I was tempted to call this week’s entry TB, or not TB but that feels wrong. Although I have enjoyed this week, the subject is serious and there are sad overtones. I suppose the animals that go to slaughter following our test would have ended up there anyway eventually, but their lives will be cut short and it is a loss for the farmer, though he will receive some financial compensation for the cattle which are culled. It can’t be easy, knowing there is disease in your herd.

Though the aim to wipe out TB is laudable, for each farmer affected it can be a major headache. When we find TB on a farm, all cattle movements on and off that farm are limited. Restrictions are put in place and the only place those animals can go, is direct to the slaughterhouse. This means that if there are more animals on the farm than grass for them to eat, the farmer can’t send the excess stock to market. He either has to buy in food for them, or send them to be killed, even if they are animals that would be more valuable sold live. A young breeding cow has more value than the price of its meat, for example.

So it’s a difficult juggling act for the farmer. Throw in there the fact that our tests aren’t perfect, the disease is unpredictable and eliminating it can be difficult and you have the perfect combination for resentment of the people coming on the farm to do the testing and represent the government who put all these rules in place. We were very lucky this week that the farm owners were philosophical. It’s time consuming for the farmer as well. We tested close to four hundred animals this week. It took the best part of four days and even then, there are some retests that need to be done. Then in a couple of months, the whole thing will need to be repeated. On and on until the tests come back clear.

I met up with the team on Sunday night in the hotel where I would be sleeping for the best part of a week. I had met S the vet before. She took me out on some welfare visits a couple of weeks back, but there were two animal health officers coming too to carry out the blood testing and keep the paperwork in order. There was also another TB team, who would be skin testing at another farm in the area, so we were quite a big group. Though the food and conversation were good, we all retired early, ready for the hard work that was coming the next day.

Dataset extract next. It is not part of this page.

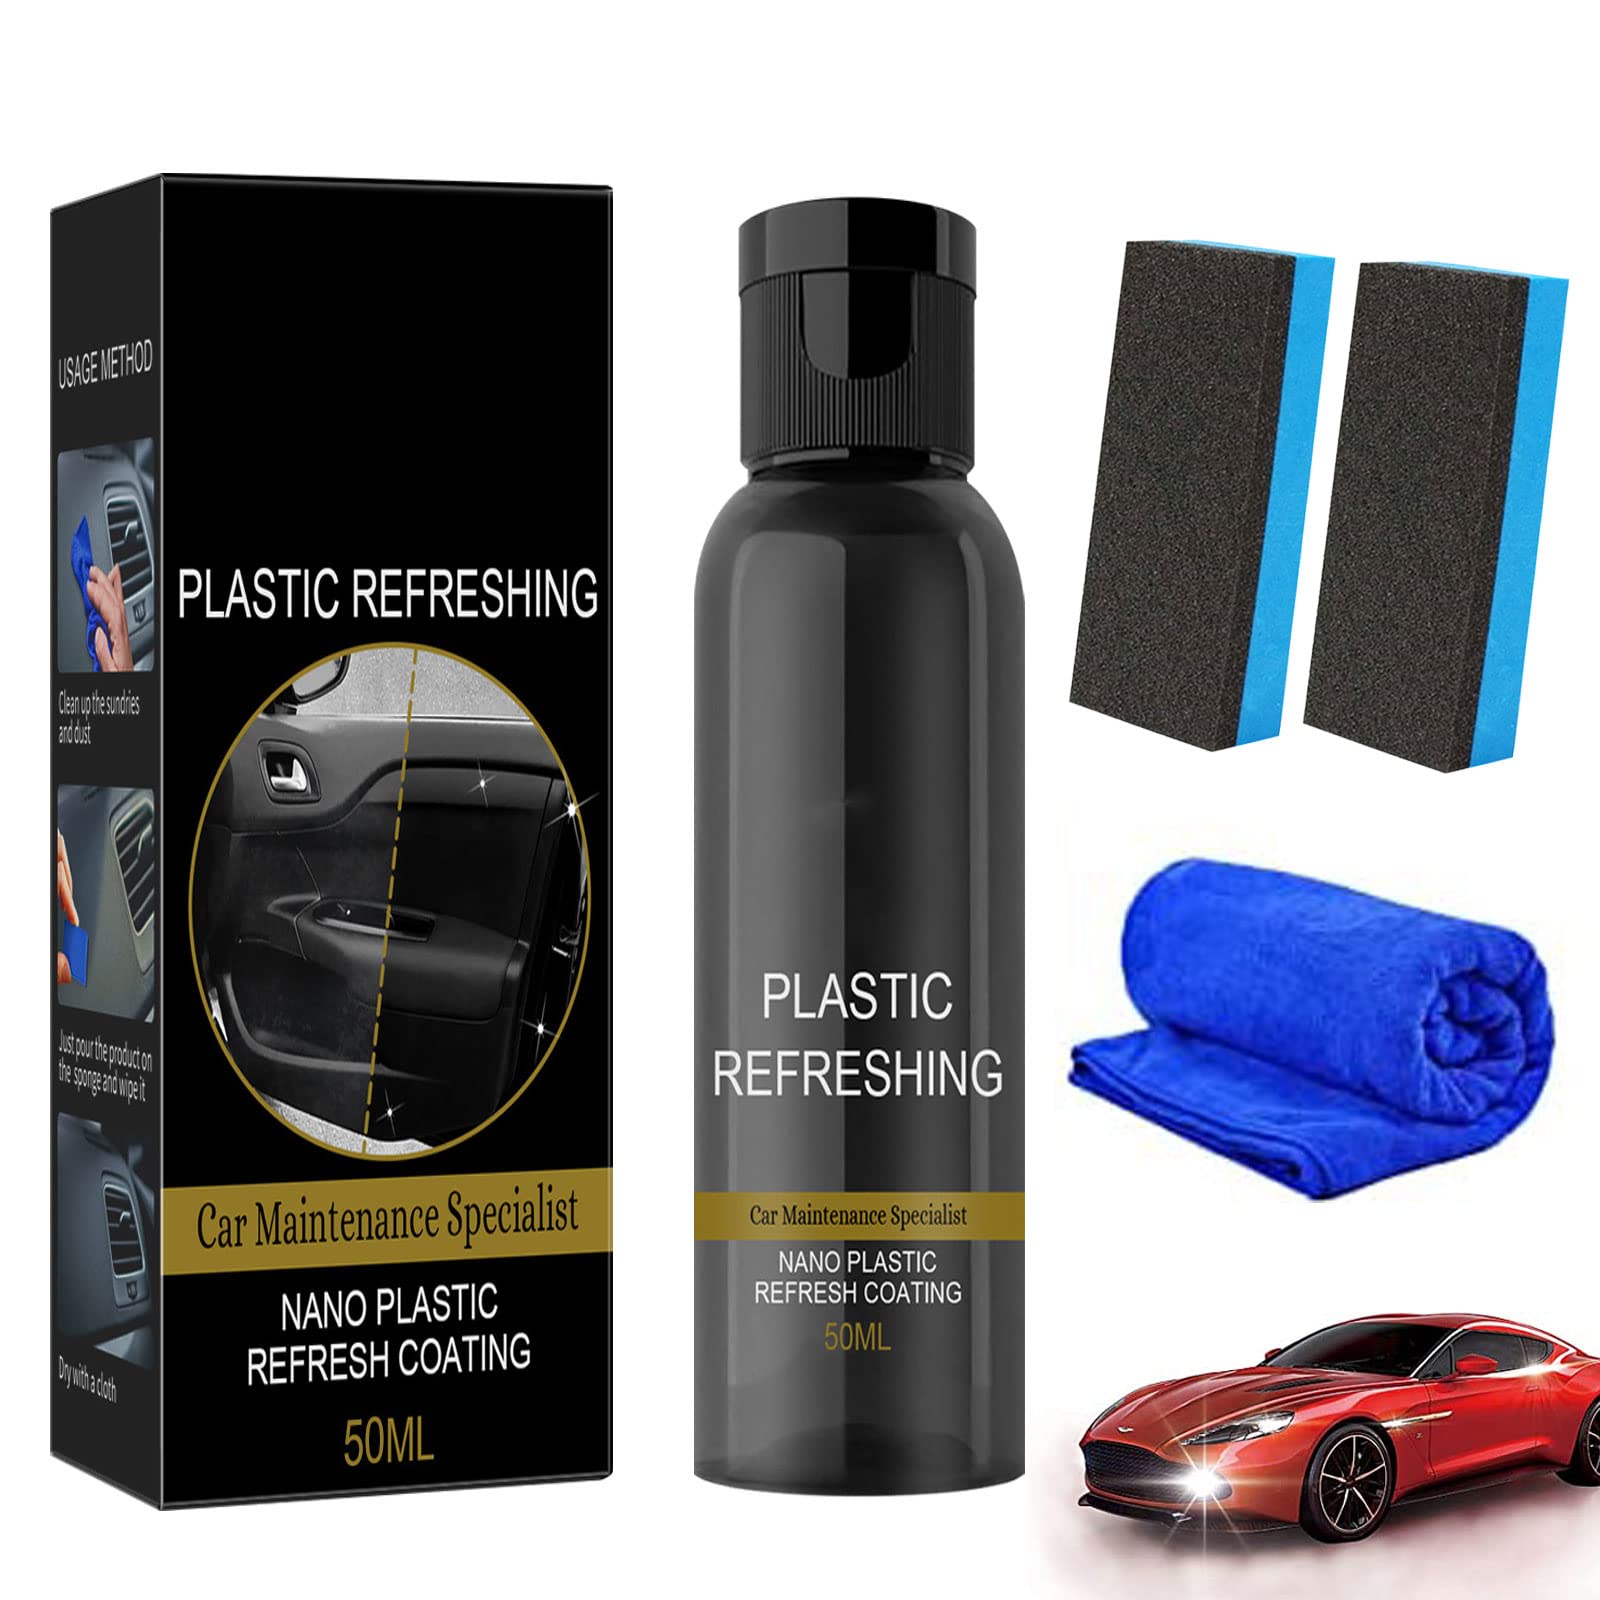 HIDRUO Ultishine Plastic Revitalizing Coating Agent Set, Plastic Refreshing Car Black, Powerful Stain Removal Kit for Car, Nano Plastic Refreshing Coating for Car Quick Restorer (50ML, 1PCS) von HIDRUO

It was interesting to me to go out testing. Thirty years ago, I used to carry out TB skin tests in the area, though in those days, there was no known TB in the area and all the tests were routine herd tests where we didn’t expect to find anything. The farm where we tested this week has already had TB confirmed. Culled animals had been found to have TB lesions present and culture results – where they attempt to grow bacteria in a lab from a possibly infected source – had shown that bovine TB to be present.

As far as I could see, the skin test hasn’t changed much at all. Two patches of skin on the neck are clipped (so you can see where you injected) and two types of tuberculin are injected: avian and bovine. Tuberculin contains purified proteins from the tuberculosis bacteria and in the UK, two types are used.

Because other harmless bacteria can be present in the environment, avian tuberculin is also injected, to try to rule out animals which have developed an immune reaction to those harmless bacteria, but still capture those that are infected with the harmful cattle strain. What this means, in terms of the test, is that if the animal produces an immune response, a lump develops at the injection site. If the lump at the bottom (bovine tuberculin) is bigger than the lump at the top (avian tuberculin) then the animal is classified as a “reactor”. That animal must then be slaughtered and checked for disease.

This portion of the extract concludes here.